Today, President Donald Trump signed into law a bill providing historic regulatory relief to credit unions and community banks.
The Credit Union National Association, the Georgia Credit Union Affiliates and other credit union leagues around the country have all championed the bill from early negotiations in the Senate. On Thursday, they celebrated Trump’s signature on the act as a victory for the credit union movement.
“President Trump’s signature on S. 2155 brings a successful end to one of the most comprehensive, historic advocacy efforts the credit union system has seen in quite some time,” said CUNA President/CEO Jim Nussle. “From the moment the text of the bill was released by a group of bipartisan Senators, credit unions made their voices heard wherever possible, resulting in significant regulatory relief for credit unions and 110 million Americans.”
After months of lobbying and negotiating, S. 2155 passed the Senate in March. On Tuesday, it passed the House and headed toward Trump’s desk.
Georgia Credit Unions are extremely pleased that the House has passed S. 2155 and that regulatory relief is on the way for community-based financial institutions,” said Georgia Credit Union Affiliates CEO Mike Mercer. “We applaud all Georgia House members who voted for the legislation and especially thank Senator David Perdue for his early co-sponsorship for S. 2155, the bipartisan Economic Growth, Regulatory Relief and Consumer Protection Act. This common-sense bill delivers on its promises and keeps important consumer protections in place while allowing community-based financial institutions – like credit unions – to do their job and improve the financial well-being of the working families they serve.”
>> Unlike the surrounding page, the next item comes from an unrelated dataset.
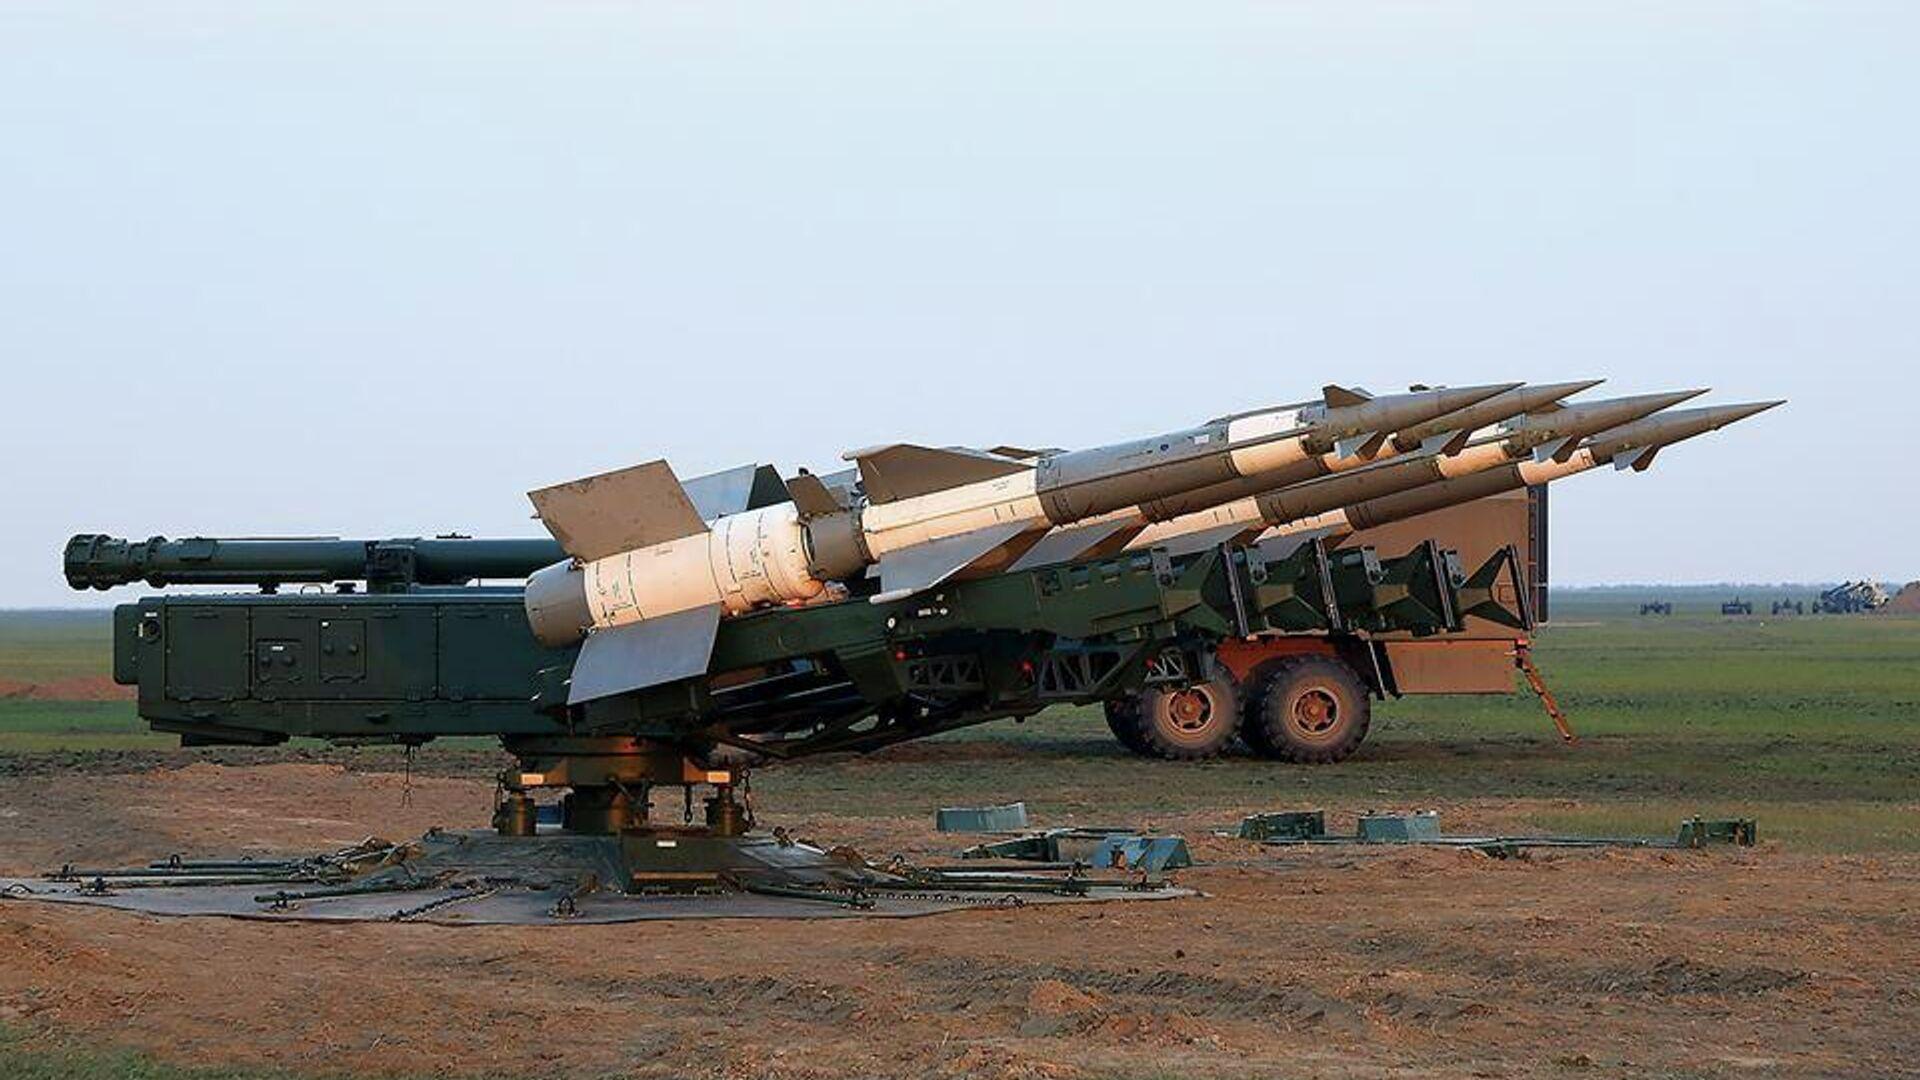 Учения с боевой стрельбой из зенитных ракетных комплексов ВС Украины - РИА Новости, 1920, 20.01.2021

See below for a list of S. 2155’s benefits:
- Establishes a safe harbor from certain requirements for a loan to be considered a Qualified Mortgage;
- Rescinds the additional data points required under the Home Mortgage Disclosure Act for insured credit unions that originate fewer than 500 closed-end and/or 500 open-end lines of credit;
- Reclassifies one-to-four unit, non-owner occupied residential loans as real estate loans, so the loan would not count against the member business lending cap;
- Clarifies that the same consumer protections in place with respect to mortgage lending are nonexistent for Property Assessed Clean Energy loans;
- Removes the three-day wait period required for the combined TRID mortgage disclosure if a creditor extends to a consumer a second offer of credit with a lower annual percentage rate;
- Requires NCUA to make publicly available a draft of their proposed budget, hold a hearing with public notice during which this draft would be discussed and solicit and consider public comment about the draft budget;
- Provides a safe harbor for properly trained financial employees who report alleged elder financial abuse; and
- Requires the U.S. Department of Treasury to conduct a study on the risks that cyber threats may pose to financial institutions.